Dewpoint temperature is the temperature at which water vapor in the air will condense into dew or water droplets given that the air pressure remains constant. Alternatively, it can be defined as the temperature at which the saturation vapor pressure and actual vapor pressure are equal (Merva 1975). Dewpoint temperature coupled with relative humidity can be used to determine the amount of moisture in the air. Dewpoint temperature is a good estimate of near-surface humidity, thus the dewpoint temperature can affect the stomatal closure in plants, where low humidity can reduce the productivity of the plants (Kimball et al. 1997). When the surface air temperature drops to the level of the dewpoint temperature, dew forms. Especially in arid regions that have infrequent rainfall, the dew can be essential to plant survival (Agam and Berliner 2006).

Many agronomical, ecological, hydrological, and climatological models require dewpoint temperature as an input to estimate evapotranspiration (Hubbard et al. 2003). Dewpoint temperature may also be used to calculate actual vapor pressure or estimate relative humidity (Mahmood and Hubbard 2005). Dewpoint temperature coupled with wet-bulb temperature can be used to calculate critical-damage air temperature for specific crops, allowing producers to determine the potential for a frost to damage those crops (Snyder and de Melo-Abreu 2005). Heat waves, which cause damage and take the lives of people and animals, are intensified by high dewpoint temperatures (Sandstrom et al. 2004). These studies suggest that a non-location-specific dewpoint temperature prediction would be helpful for those in rural areas where fewer weather predictions are made, and there are more crops and livestock. A study by Robinson (2000) proposed that the dewpoint temperature in the United States is slowly increasing over time and, therefore, could be an important weather variable for studies on long-term climate change.

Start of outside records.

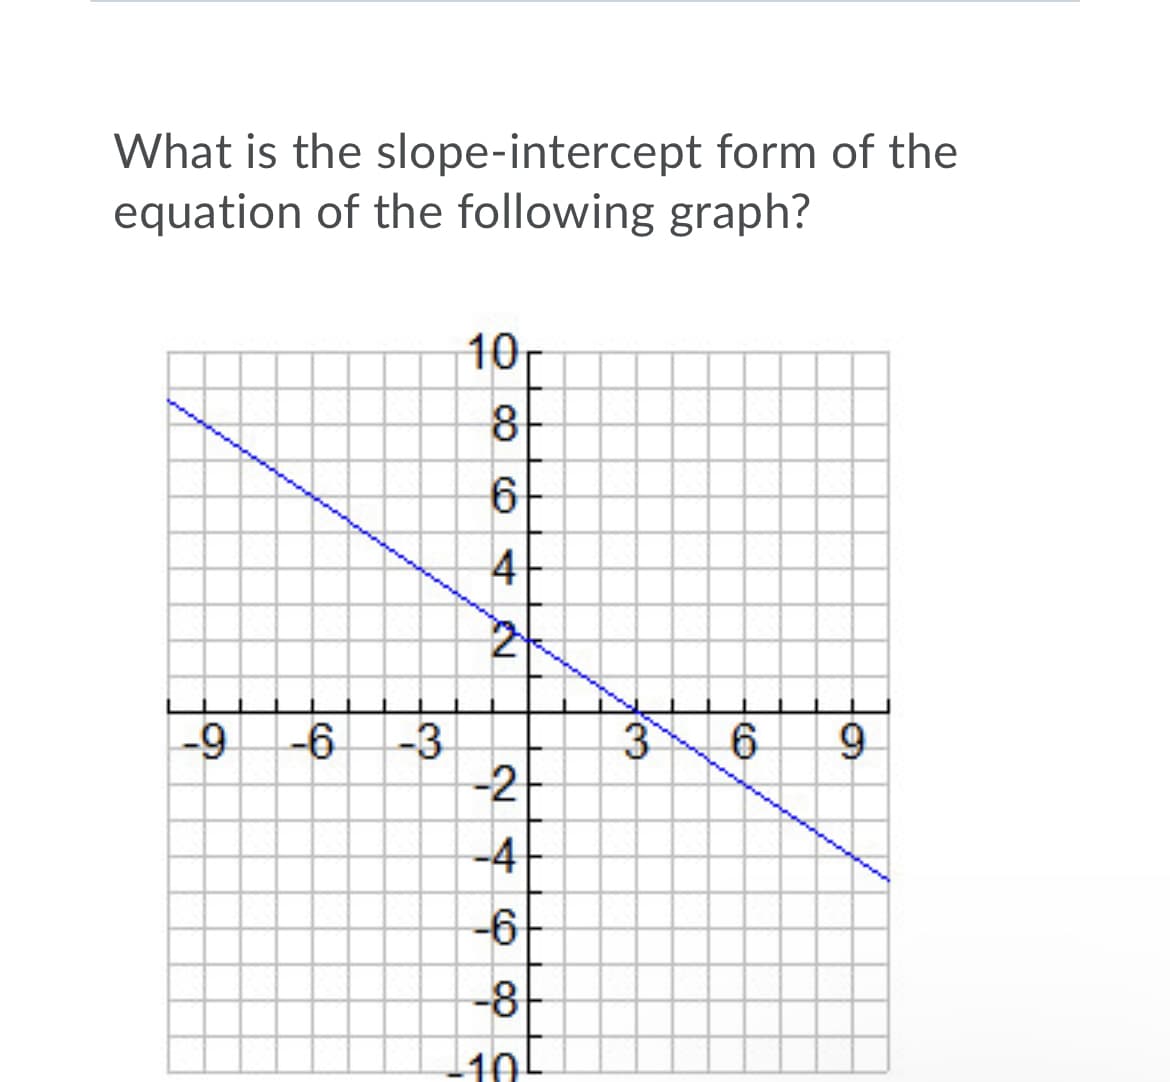 What is the slope-intercept form of the
equation of the following graph?
10
8.
2-
-9 -6
3
-3
-2
9
-4
-6
-8
l10
64

Hubbard et al. (2003) developed a regression model for estimating the daily average dewpoint temperature, using the daily mean, minimum, and maximum air temperature as inputs. Their research used 14 yr of data for six cities from South Dakota, Nebraska, Colorado, and Kansas in the United States. Their regression equation based on multiple cities was more accurate than the regression equations for each of the individual cities, with a mean absolute error (MAE) of 2.2°C for the most accurate regression equation. This study’s estimations are useful for determining the values for missing historical weather data, but did not allow the prediction of future values.

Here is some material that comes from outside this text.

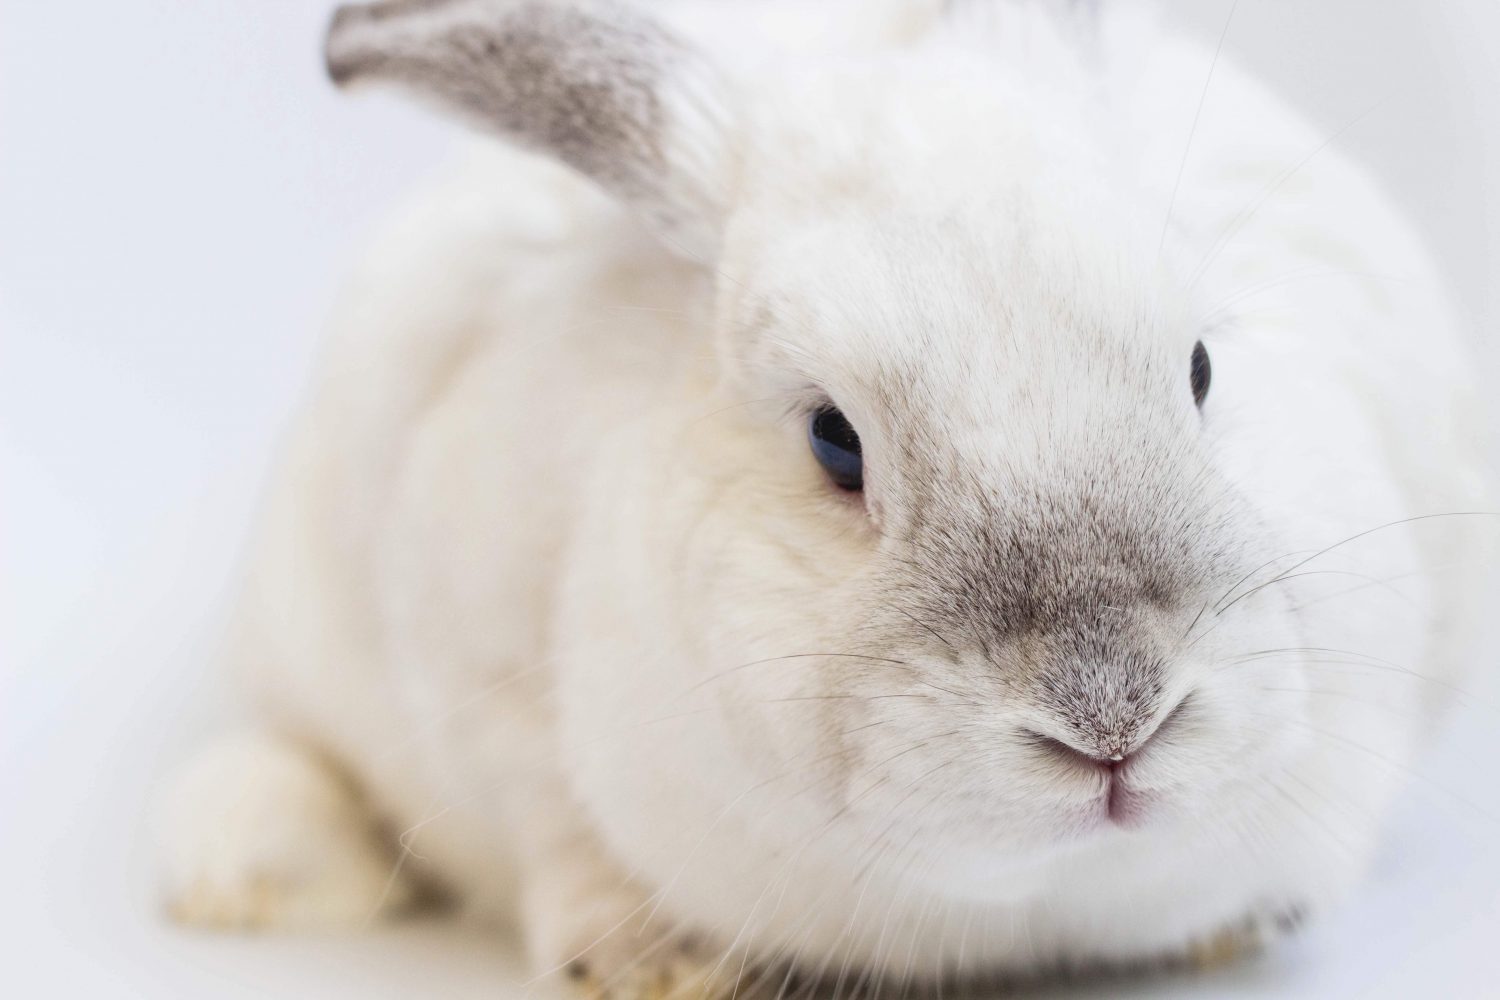 Cruelty-Free Bill Could See End of Cosmetics Animal Testing in Canada - LIVEKINDLY

Diab and Saade (1999) used a fuzzy inference system with rules developed based on their own intuition about the correlation of weather variables to predict dewpoint temperature for exactly 24 h ahead. The inference rules used the season of the year, barometric pressure, air temperature, and wind speed as inputs, each with their own fuzzy membership functions while the output dewpoint temperature membership functions were expressed as low, medium, and high. The evaluation with 40 uniformly distributed days for all four seasons in 1994 resulted in absolute errors ranging to a maximum of 8°C with no mean error presented.

An artificial neural network (ANN) is a robust computational technique modeled after biological neuron connections found in human brains (Bose and Liang 1995; Haykin 1999). Like the human brain, ANNs are repeatedly exposed to inputs and vary the strength of the connections between neurons based on those inputs. Thus learning for most ANNs is accomplished using an iterative process instead of single calculation as would be used with most types of regression and Bayesian classification. ANNs have been used to help solve many real-world problems such as pattern matching, classification, and prediction (Bose and Liang 1995; Gardner and Dorling 1998; Haykin 1999).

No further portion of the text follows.